**** Data shown

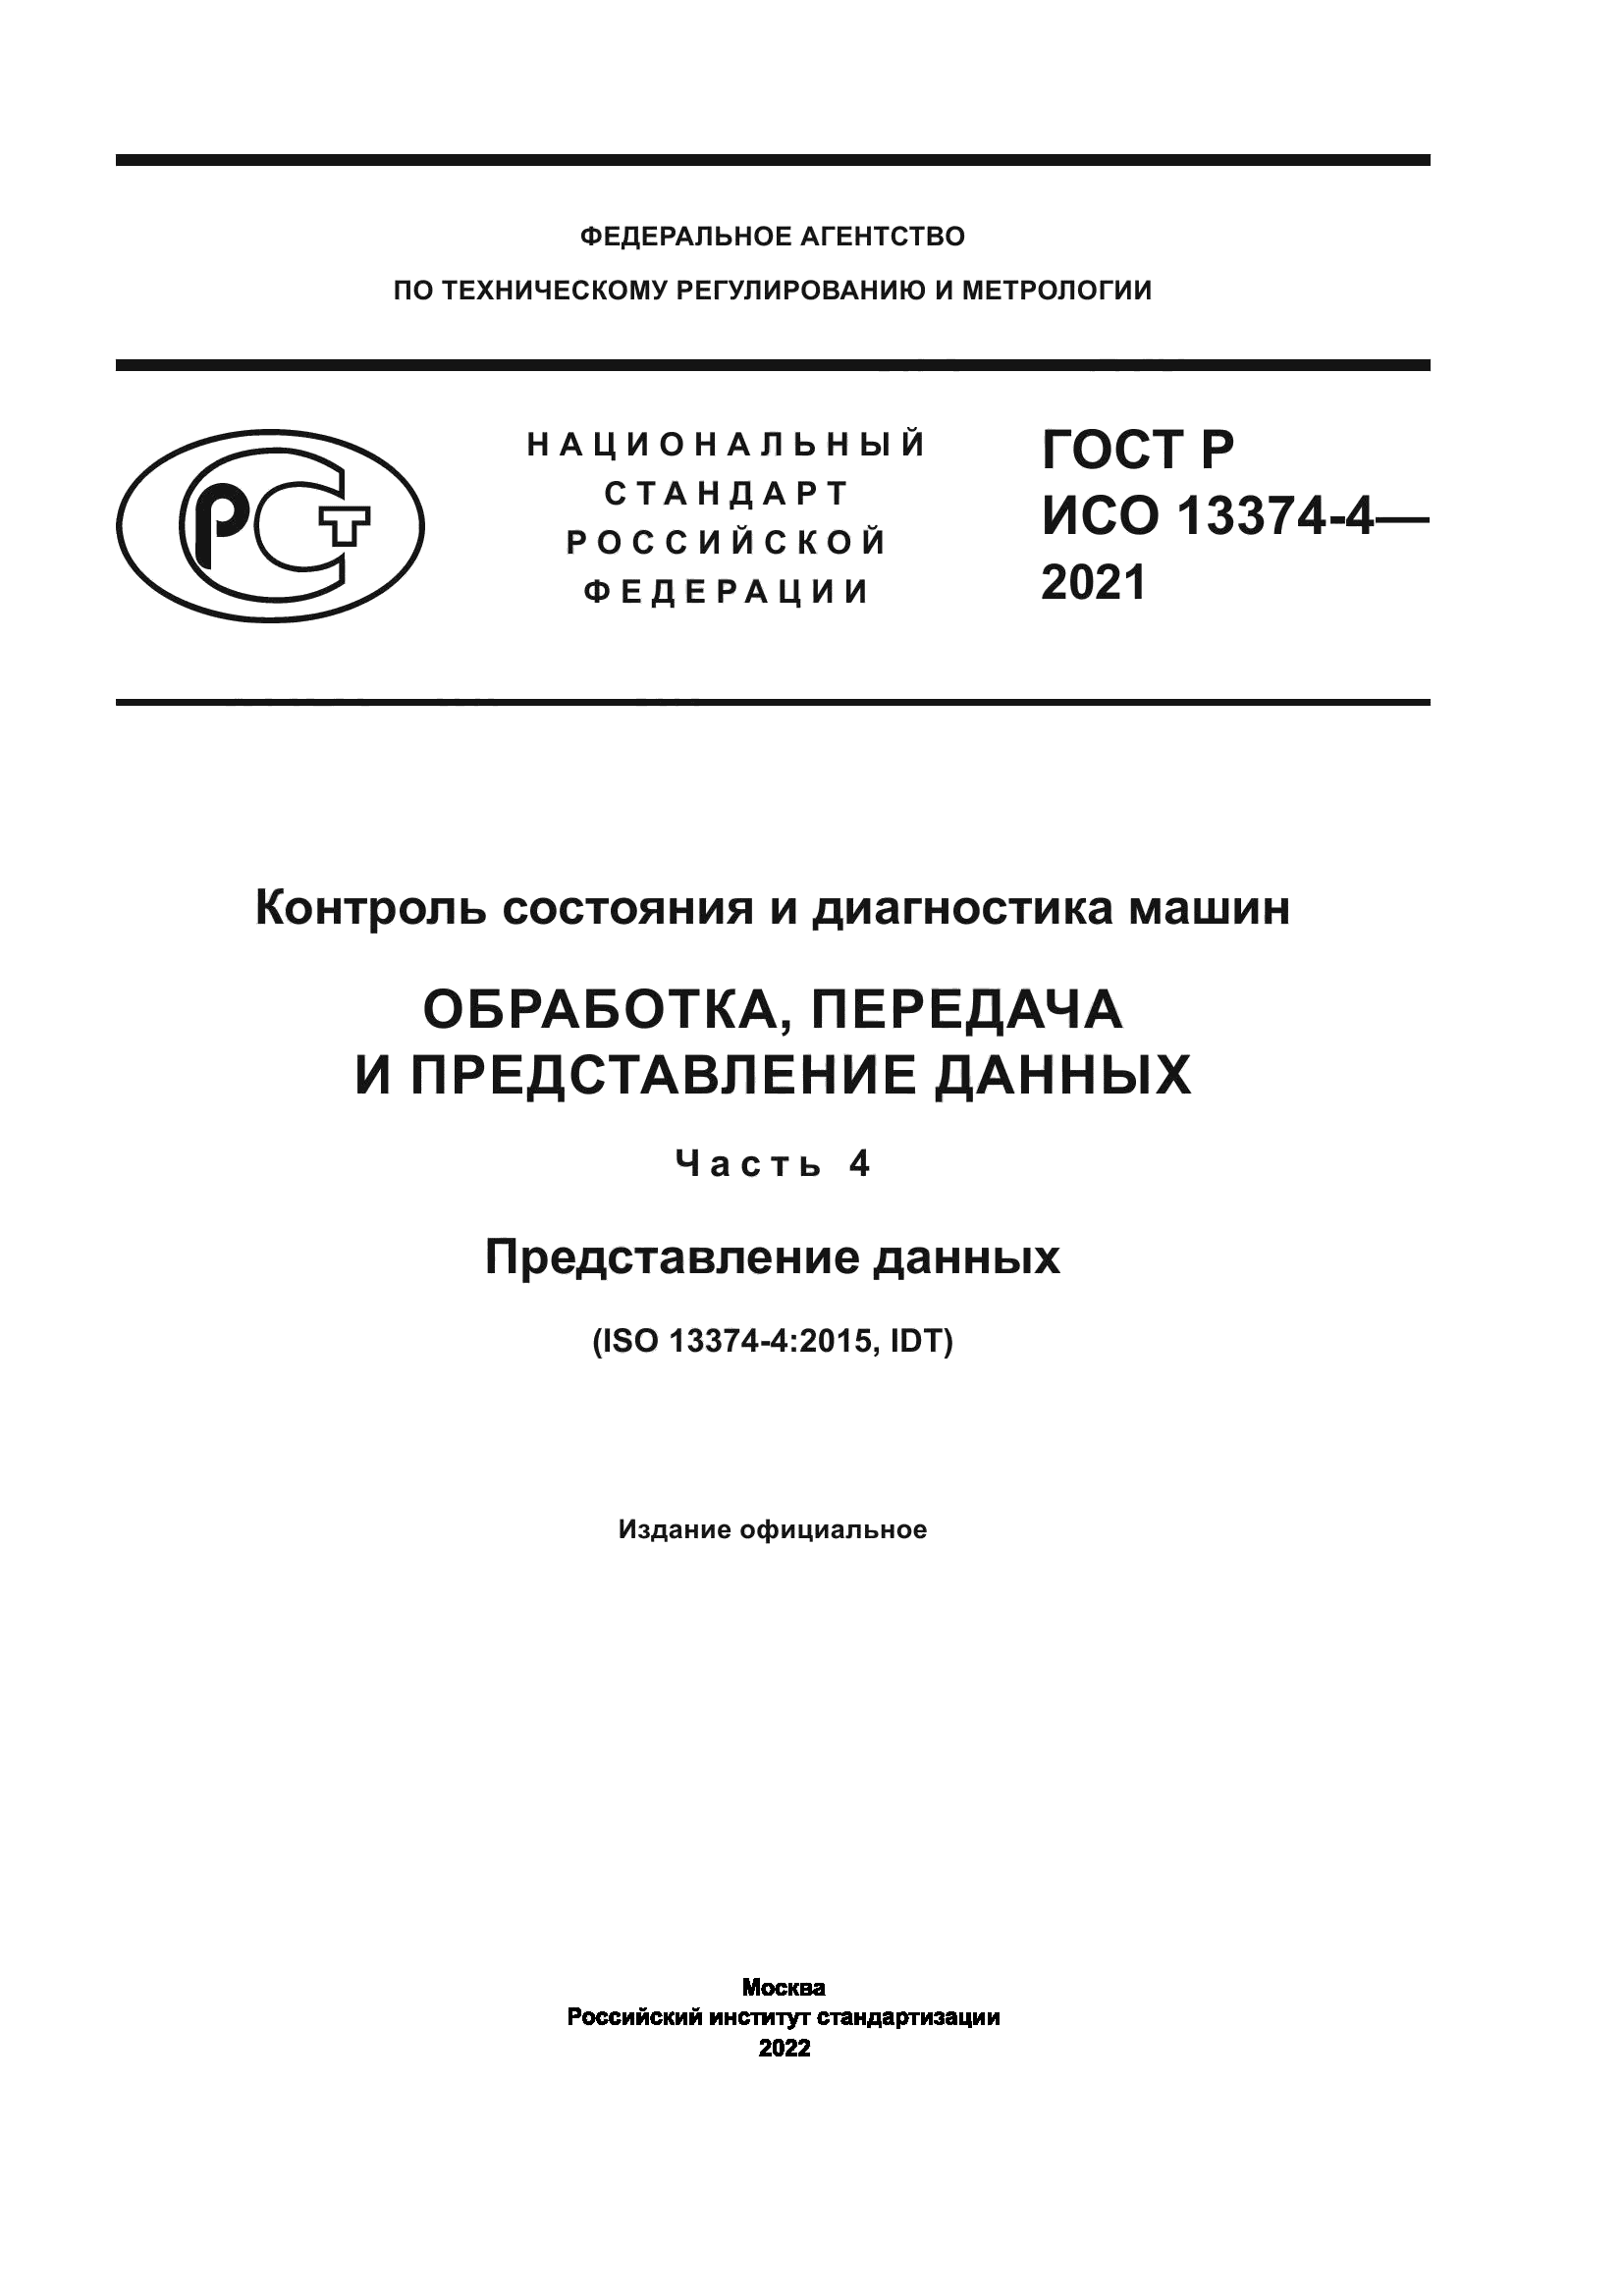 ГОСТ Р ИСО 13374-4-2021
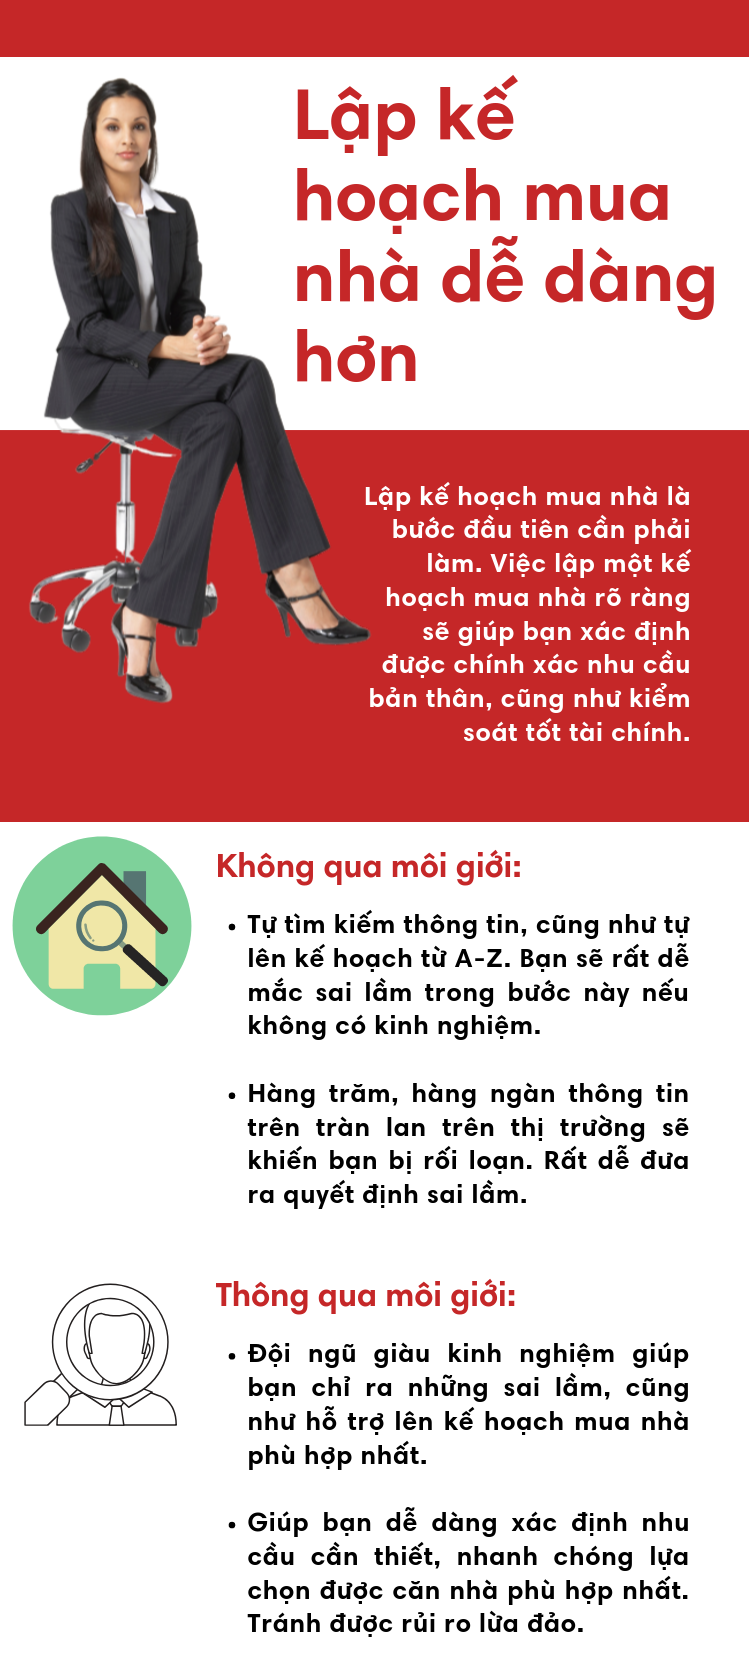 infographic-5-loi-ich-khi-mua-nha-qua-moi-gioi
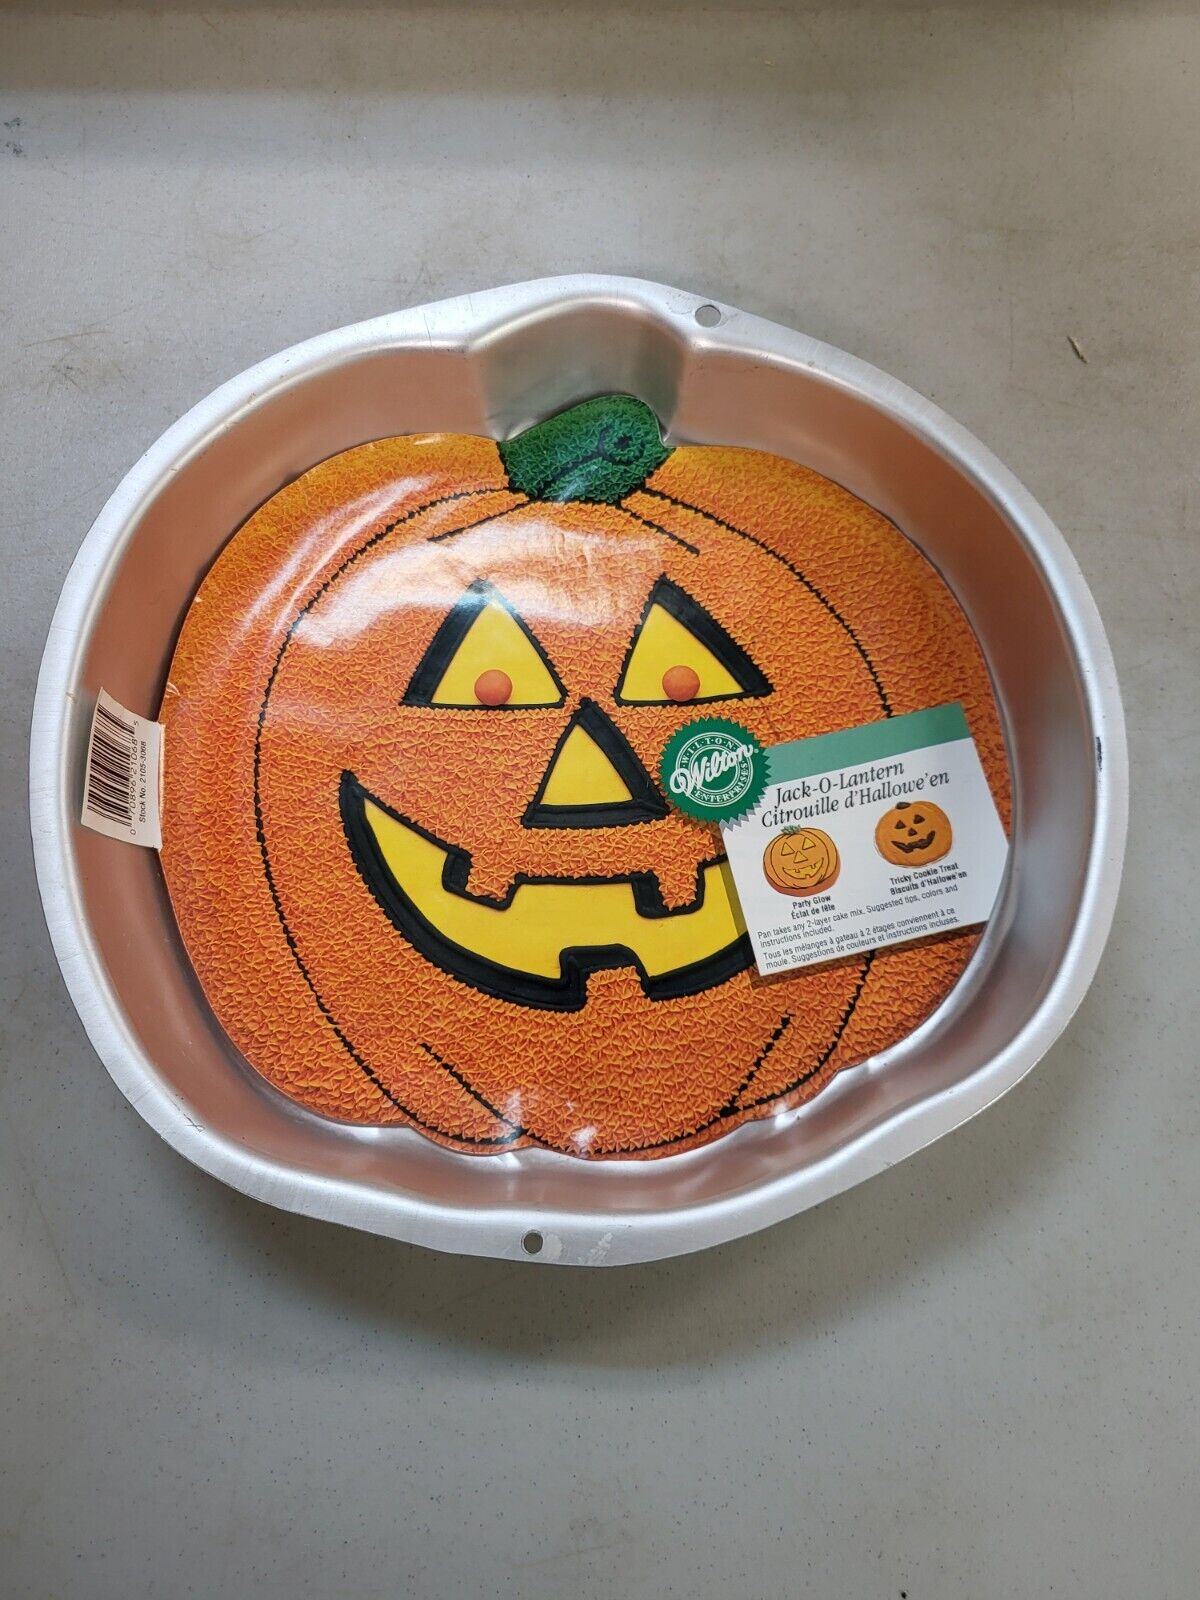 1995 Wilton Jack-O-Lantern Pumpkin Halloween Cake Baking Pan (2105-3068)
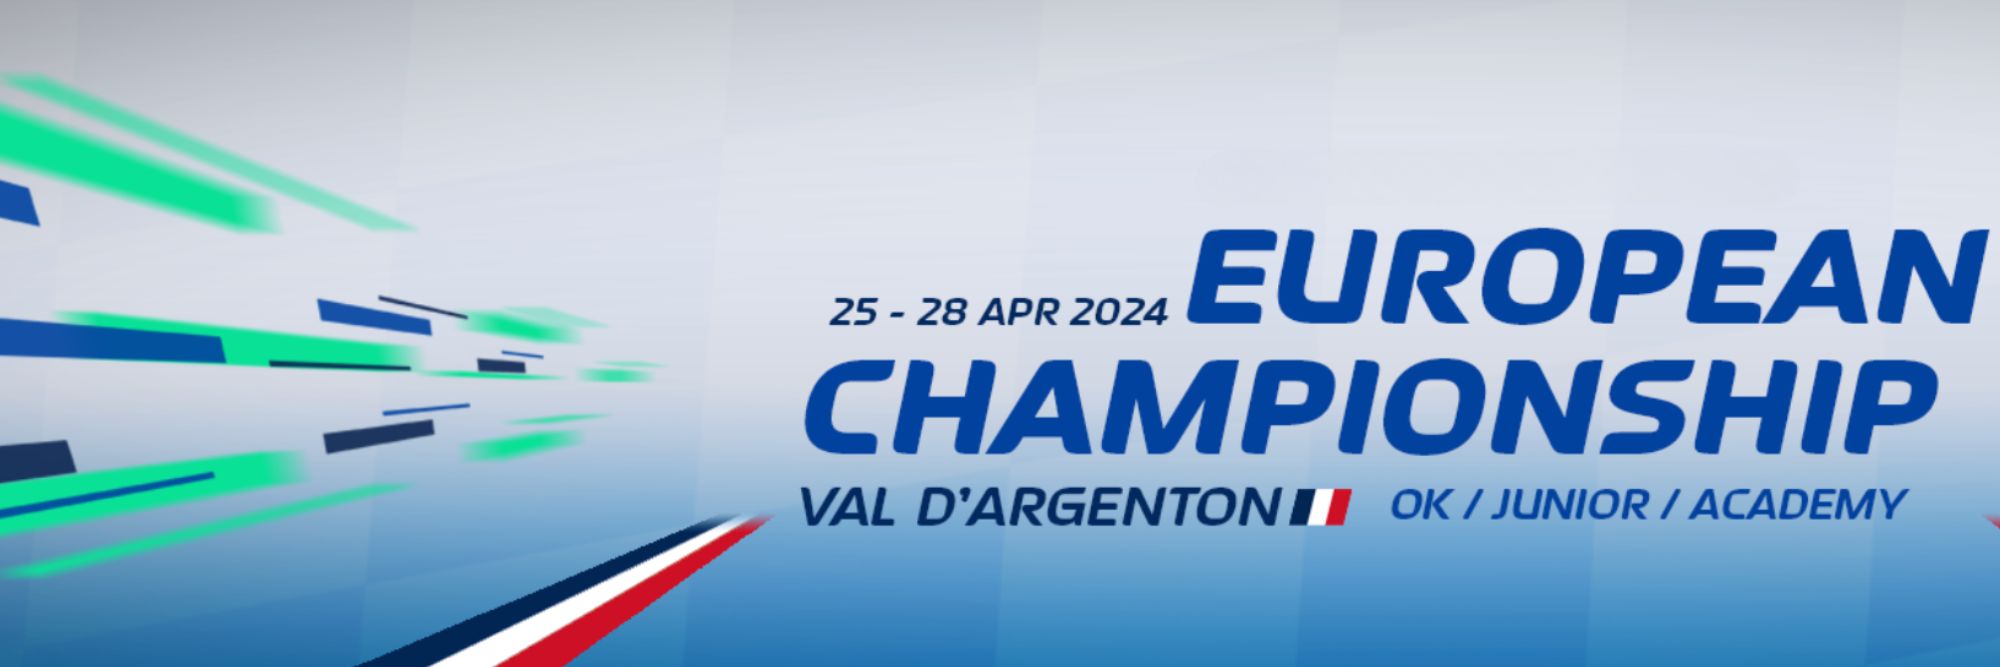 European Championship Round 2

********

Produce an exact copy of the lines from the line with "1995 Wilton Jack-O-Lantern" through the last line of the data above, both ends included. No pictures belong in it.

Output for this task:
 1995 Wilton Jack-O-Lantern Pumpkin Halloween Cake Baking Pan (2105-3068)
 European Championship Round 2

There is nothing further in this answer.